One weekend in November, a group of support engineers on Twitter looked through the logs. Each non-working application produced "incredible" errors in the form of lines of strange characters or omissions of mandatory fields. The interrelationship of these errors was not obvious due to the nature of the distributed Twitter architecture. The whole situation was complicated by the fact that in any distributed system, the data, once corrupted, can cause errors for quite a long time (they are stored in caches, recorded on disks, in logs, etc.).

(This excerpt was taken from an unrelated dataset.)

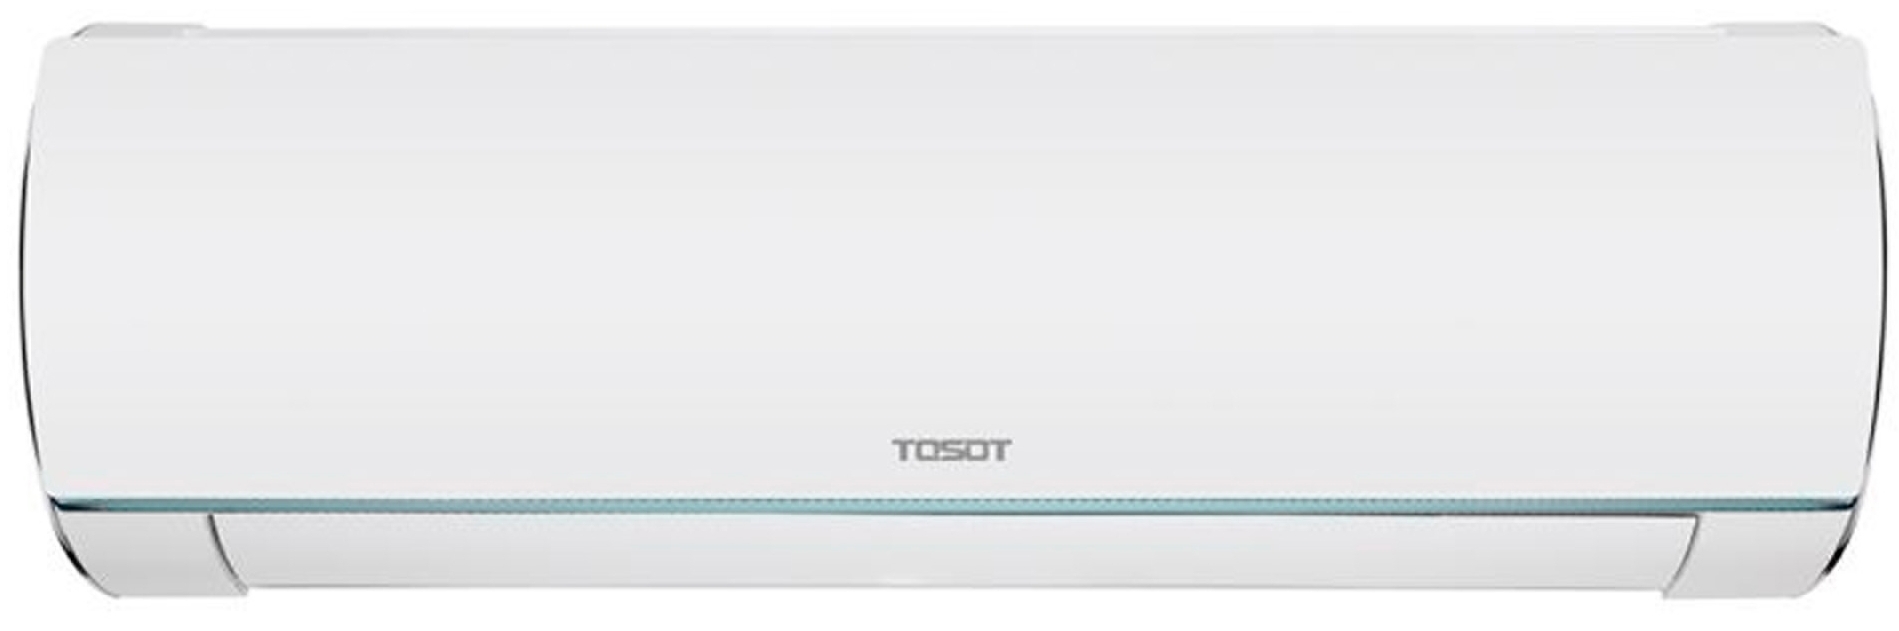 Кондиционер сплит-система Tosot Lyra Winter Inverter R32 GF-18W2 цена 42310.80 грн - фотография 2
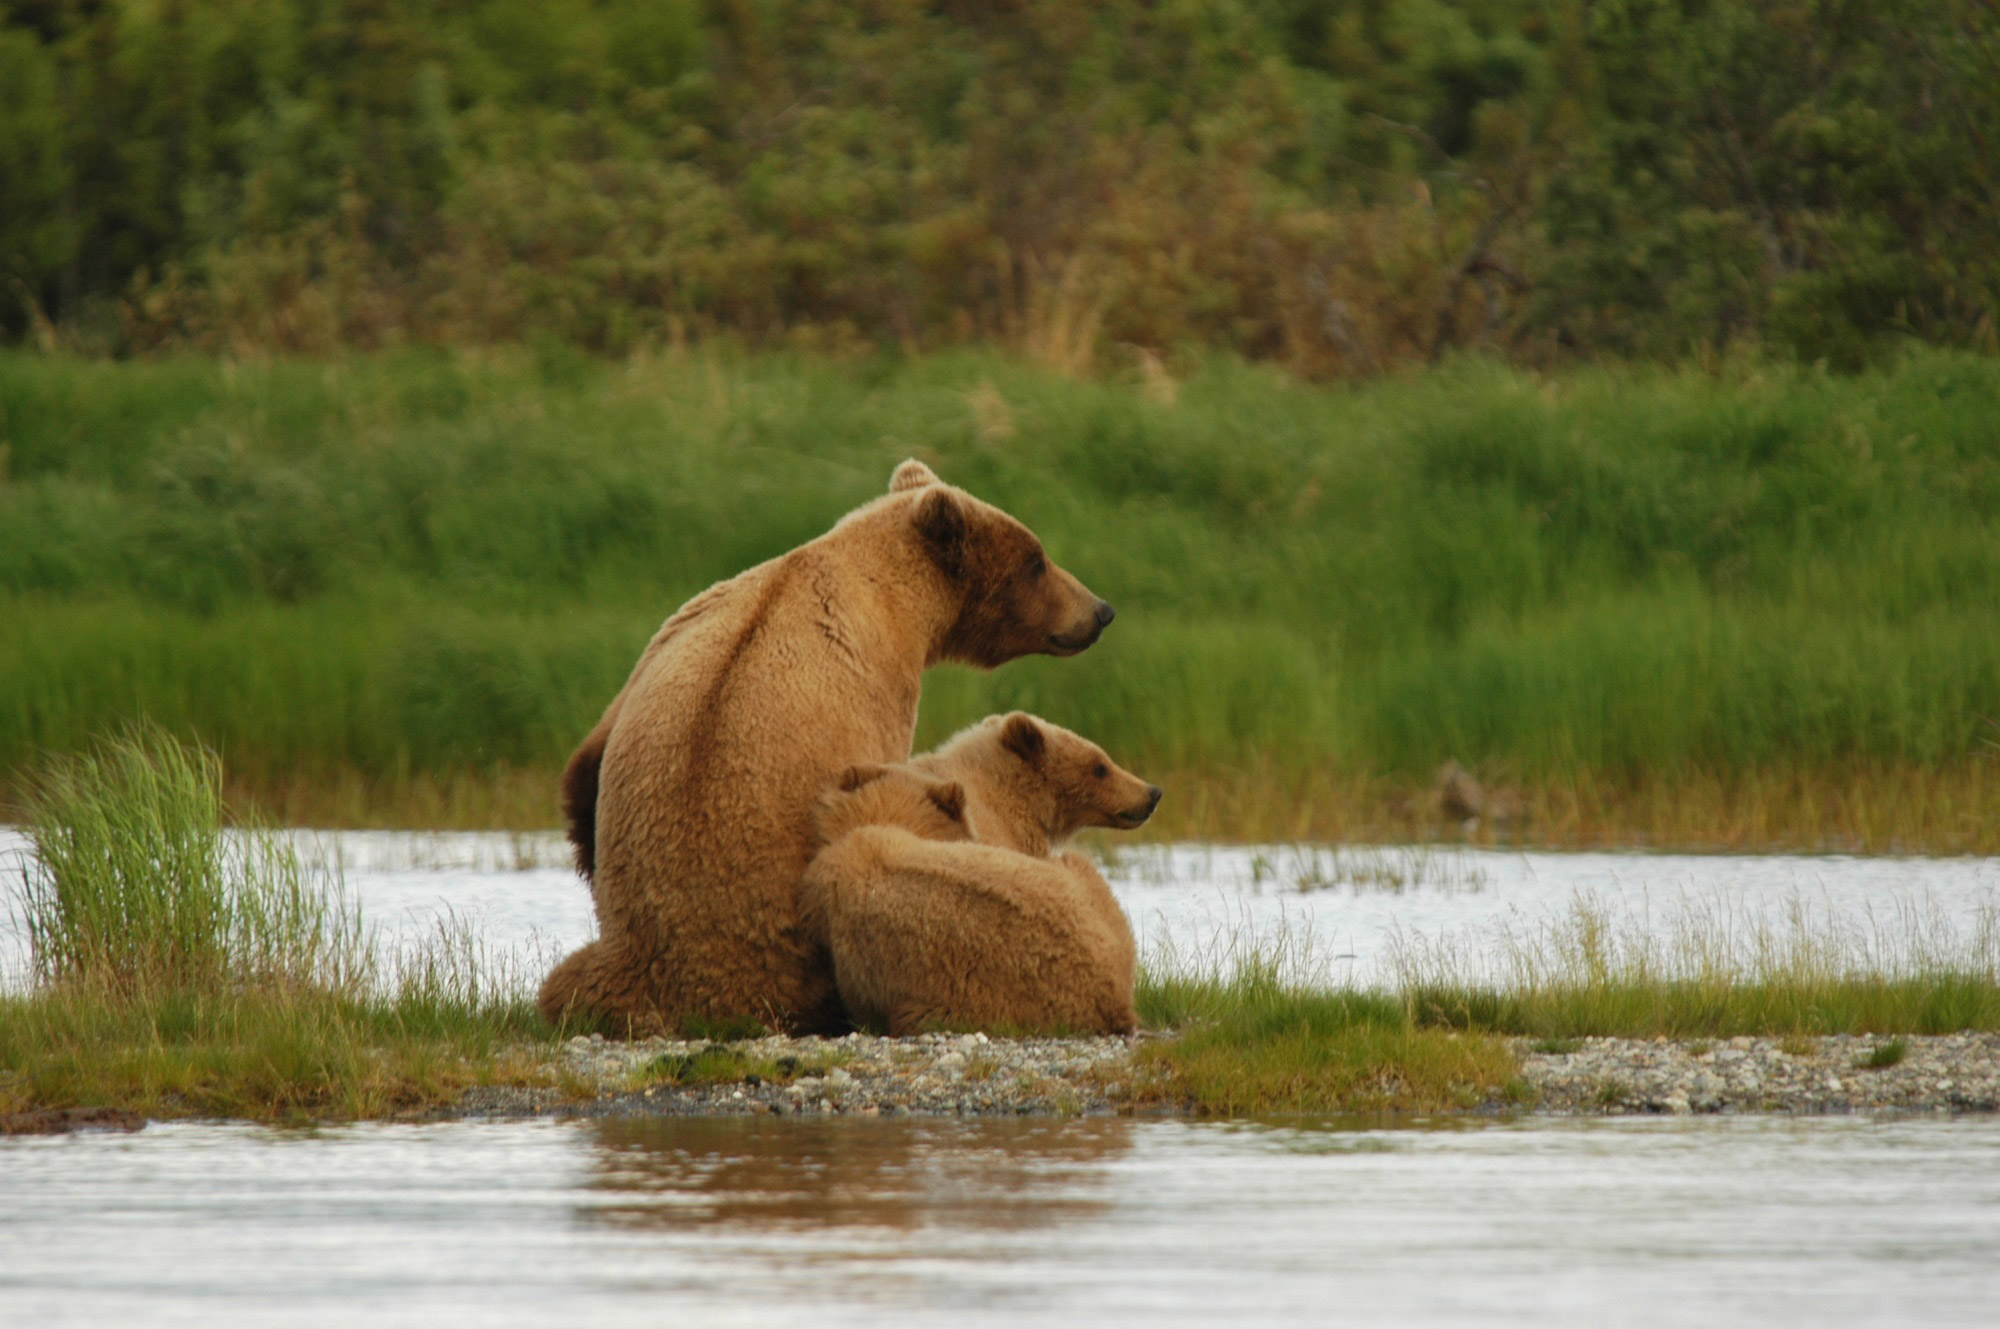 Op mijn wishlist: Beren spotten in Alaska

After a day of continuous troubleshooting work at the application level, the team managed to localize the problem to individual rack racks. The engineers determined that a significant increase in the number of detected TCP checksum errors occurred just before they reached the addressee. It seemed that this result was “free from guilt” software: the application could cause network overload, and not packet damage!

Note:

the mention of the ephemeral "team" can hide from the reader how many people worked on this problem. A lot of engineers from the entire company worked on diagnosing these strange faults. It is difficult to list all, but the main contributions were made by: Brian Martin (Brian Martin), David Robinson, Ken Koemoto (Ken Kawamoto), Mahak Patidar, Manuel Cabalquinto, Sandy Strong , Zach Kiehl, Will Campbell, Ramin Khatibi, Yao Yue, Berk Demir, David Barr, Gopal Raiprourohit (Gopal Rajpurohit), Joseph Smith (Joseph Smith), Rohis Menon (Rohith Menon), Alex Lambert (Alex Lambert) and Ian Downes (Ian Downes), Cong Wang (Cong Wang).)

As soon as these racks were turned off, the application errors disappeared. Of course, data corruption at the network level can occur for many reasons: switches can fail in the most bizarre way, wires can be damaged, power can often fail, and so on. Checksums in TCP and IP are designed to protect against such faults. Indeed, the statistics collected by the equipment showed that errors were present. So, why did a set of various applications start to falter?

After isolating certain switches, attempts were made to reproduce these errors (mainly due to the tremendous work of senior reliability engineer Brian Martin). It turned out that it is relatively easy to reproduce corrupted data by sending a number of data packets to these racks. On some switches, up to 10% of the sent packets were damaged. However, damage was always detected by the kernel using TCP checksums (messages like TcpInCsumErrors netstat-a), and never reached applications. (In Linux, using the undocumented SO_NO_CHECK option, you can send IPv4 UDP packets with checksums disabled — in which case we will be able to see that the packet is damaged.)

Evan Jones suggested that the corrupted data has the correct TCP checksum. If in the same 16-bit word two bits are flip-flipped (for example, 0 → 1 and 1 → 0), their effects on the TCP checksum will balance each other (the TCP checksum is simple addition of bits). Although the data corruption in the message (32 bytes by module) always consisted in changing the same bit position, the fact that there was a “sticky bit” (0 → 1) precluded this possibility. On the other hand, since the checksum itself is inverted before being stored, the "flip" of the bit in the checksum, along with the "flip" of the bit in the data, can balance each other. However, the bit position that we observed changed could not affect the TCP checksum, and therefore this was not possible.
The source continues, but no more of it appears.